Simuh menjelaskan bahwa kitab ini berisikan tentang sifat, asma, dan af’al Dzat Tuhan. Ajaran lainnya terkait dengan penciptaan manusia dan tujuan hidup manusia. Manusia diciptakan melewati tujuh martabat yaitu sajaratul yakin- nur muhammad- mir’atul haya’i- ruh idlafi- kandil- darrah- hijab sehingga tercipta tujuh unsur penyusun manusia yaitu hayyu (atman)- nur- sirr (rahsa)- ruh (sukma)- nafsu- budi- jasad. Tujuan manusia adalah untuk bersatu dengan Tuhan yang dapat dicapai dengan proses manekung (semacam latihan spiritual) dengan disertai berbagai doa yang juga diajarkan dalam kitab. Meskipun demikian, kesatuan yang sebenarnya hanya akan terjadi pada saat ajal manusia tiba. Oleh karena itu, menurut Ranggawarsita mereka yang sudah menghadapi masa ajal perlu melakukan manekung.
Sistematika Serat Wirid Hidayat Jati terbagi menjadi lima bab (wirid). Pendahuluan berisikan sumber-sumber ajaran yaitu wali-wali yang mengajarkannya (nasab keilmuan). Wirid pertama berisi tata cara pengajaran ilmu makrifat, delapan wejangan tentang Dzat, tata cara mempergunakan daya kekuasaan Dzat, serta hal-hal yang terkait dengan hubungan guru dan murid. Bab kedua berisikan penjelasan tentang penciptaan dan tajalli Dzat, penjelasan tentang baitul makmur, baitul muharram, dan baitul muqaddas. Bagian berikutnya menjelaskan tanda-tanda kiamat (tanda-tanda datangnya ajal) dan apa yang harus dilakukan dalam mempersiapkannya (manekung). Wirid keempat adalah ilmu tentang kematian beserta penjelasan tentang beberapa istilah-istilah sebagai perumpamaan yang terkait. Bagian terakhir berisi tahapan-tahapan terbentuknya manusia dalam rahim hingga tahapan yang dilaluinya dalam kematian.

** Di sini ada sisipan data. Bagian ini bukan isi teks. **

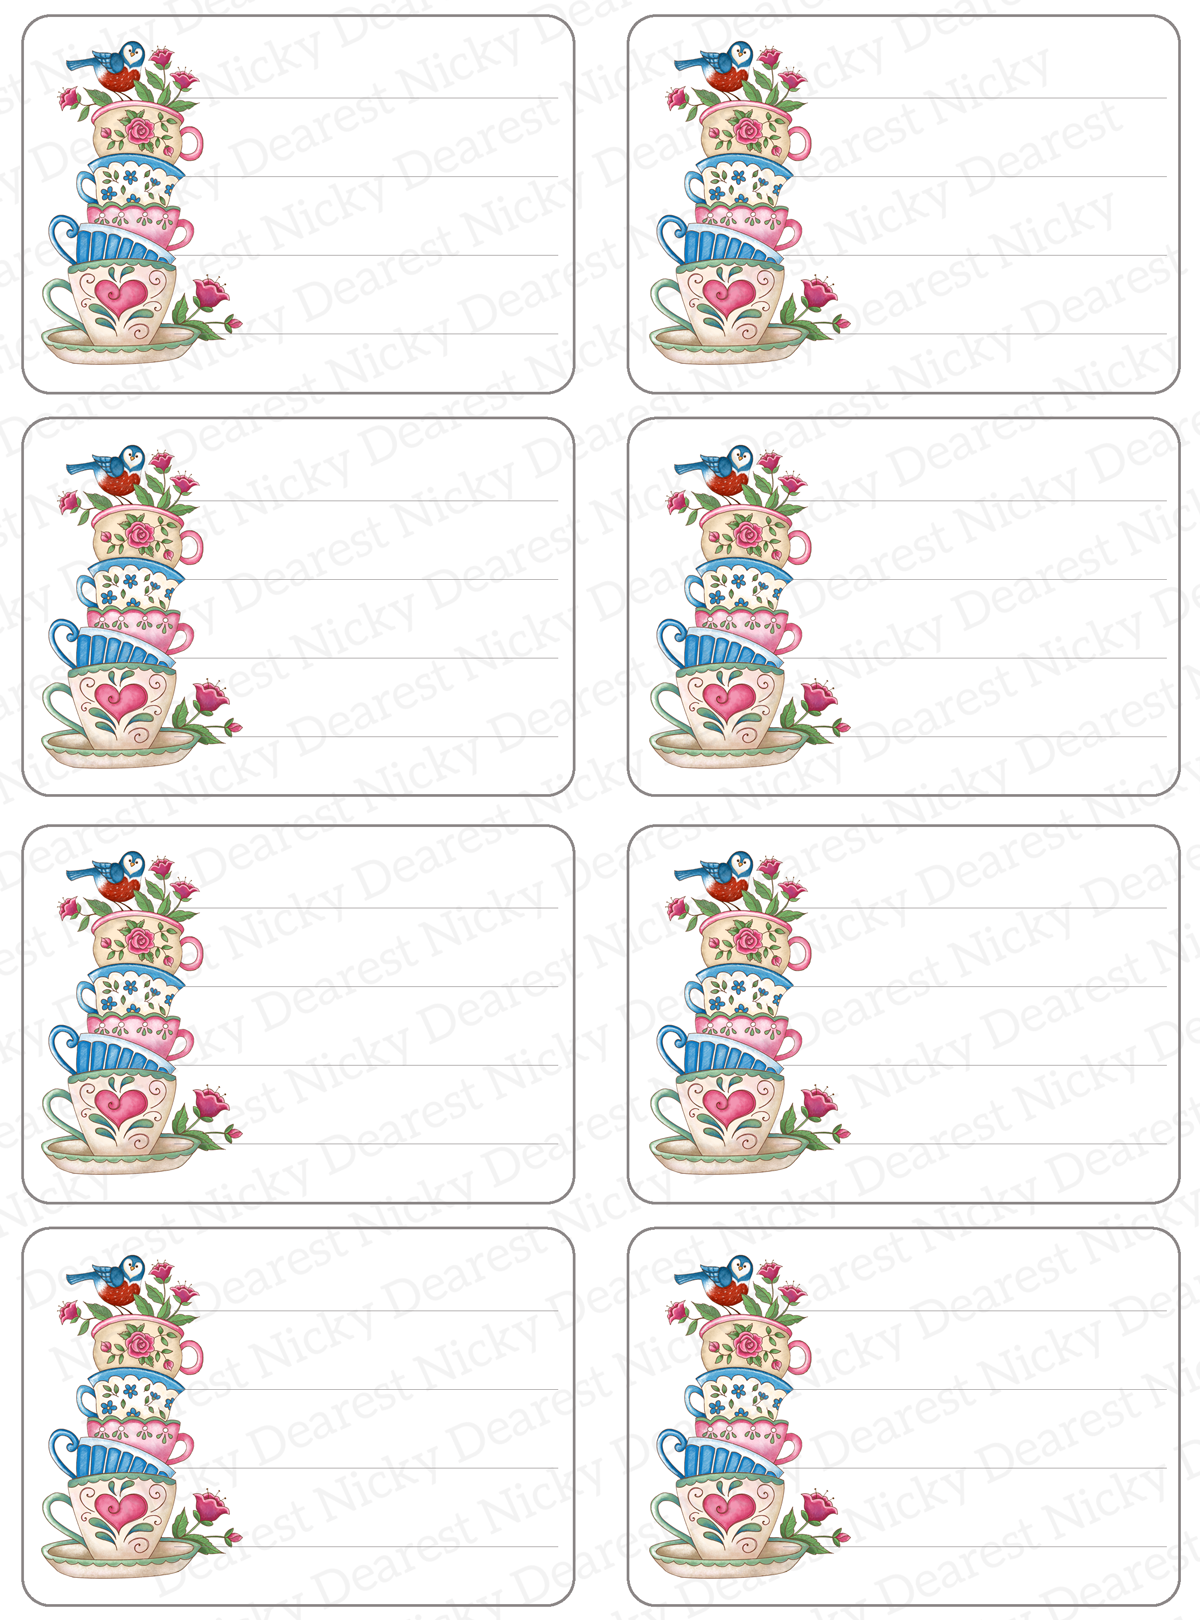 Stack of Teacups Mailing Address Labels - Set of 16

B.     Pengaruh Pemikiran Ranggawarsita terhadap Aliran Kebatinan

Pengaruh pemikiran Ranggawarsita tentang ajaran ketuhanan atau sering disebut dengan ajaran mistik ( metafisiska) pada abad sembilan belas bahkan sampai sekarang ini sangatlah dirasakan oleh penganut Kejawen, bahkan sebagain besar mempengaruhi falsafah hidup orang Jawa tentang ketuhanan.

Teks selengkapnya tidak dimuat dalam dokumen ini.